Tom,
The BT3000, as it was sold, didn't have a miter slot at all, so none of the jigs that require a miter slot will work on the BT3000, unless you come up with a way of adding one or modifying each jig somehow. Ryobi later came out with a narrow table for use on either side of the main table and blade, but it worked much better if you used it on the left side of the blade. I liked the idea and ordered one, but UPS kicked or towed it all the way to me, making it a heavily damaged and unuseable aluminum extrusion, so I sent it back and then made a similar design from wood with an aluminum miter slot extrusion for an insert. Both the Ryobi version and mine had the standard 3/4 X 3/8" slot so it readily accepted the standard jigs that were on the market.
What comes with the BT3000 for cutting miters is a sliding table with an angle adjustable fence, It will fit the rails on either side of the blade. The slot in this sliding table was for the T bolt and knob to lock this angled fence at the desired angle. The slot itself without the T bolt and fence is too small and too short to be very useful for anything else. This sliding table was also almost 1/8" higher than the non moving part of the saw table around the blade, making accurate cut depths of dado cuts very difficult. The blade arbor only allowed for about 1/2" max dado stack widths as well.

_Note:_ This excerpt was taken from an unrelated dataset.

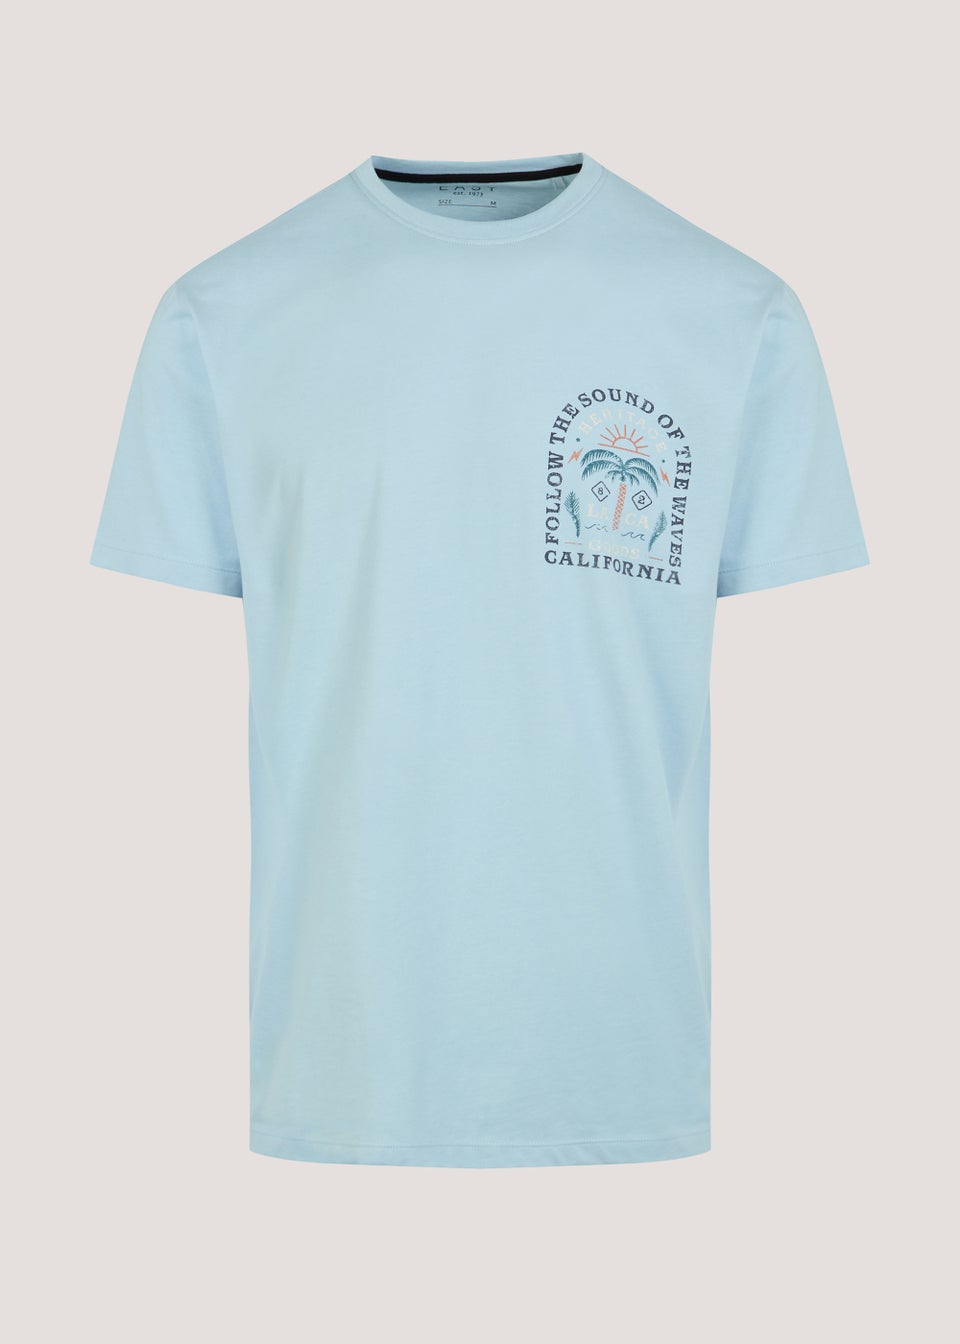 Blue California Palm Tree Print T-Shirt - Matalan
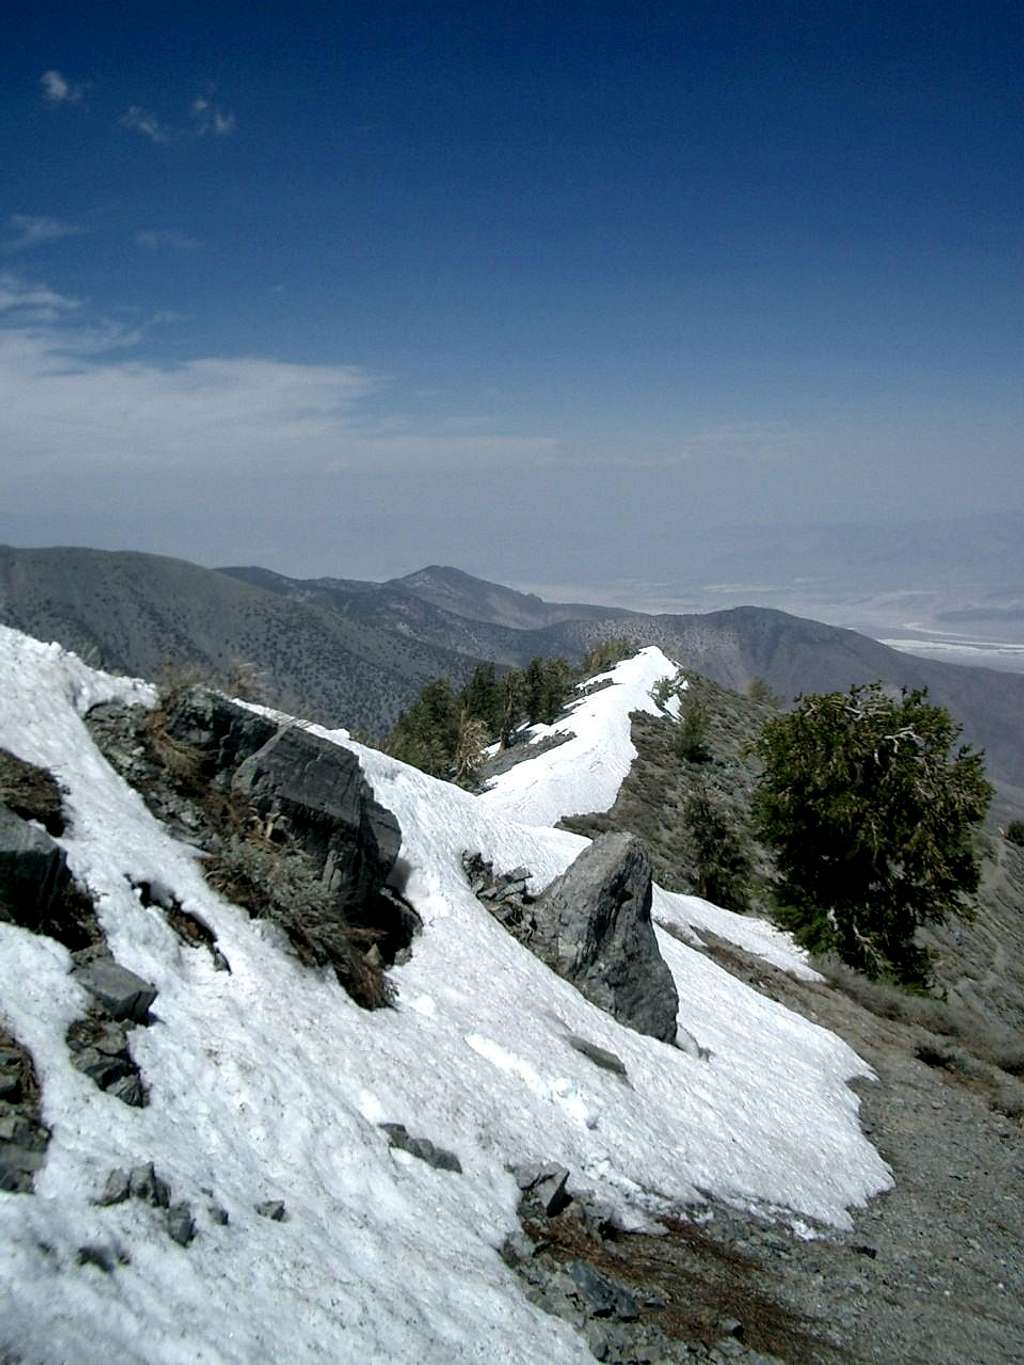 Telescope Peak - Snowy ridge

Another idea that I had for adding a miter slot to my BT3000 was to have the right edge of the miter sliding table machined square, and then weld or epoxy a standard liter slot extrusion to it. The miter slide table had a lock to keep it from moving at it's centered position, so if it had a miter slot along it's right edge the sliding table could be locked in place whenever using the miter slot was desired. This idea seemed good, but I never went this way because, at the time, I didn't have the machining capability or the aluminum welding capability that I have now..
The BT3000 had some very good design ideas incorporated into it, but it was also sadly lacking in some places.
Quality of construction and the lack of a good accurate miter slot being two of them. For me, the saw was also quite under powered and the blade height adjustment way too fragile. A good table saw has an induction motor and the BT3000 saw has a Universal AC-DC motor with brushes, so it screams until you put it under load and then slows to less than optimum speed for clean cuts. I couldn't tell you how many of the little timing belts that go between the motor shaft and the blade arbor that I had to replace in that saw while I owned it. Still, it was a better saw than the base models of cheap plastic cabinet table saws that were available at the time, but it was nowhere near the reliability, accuracy, and power that is available with a Delta Contractors Saw, that also had two standard and accurately machined miter slots and a relatively quiet induction motor that maintains it's speed naturally by the AC power line frequency.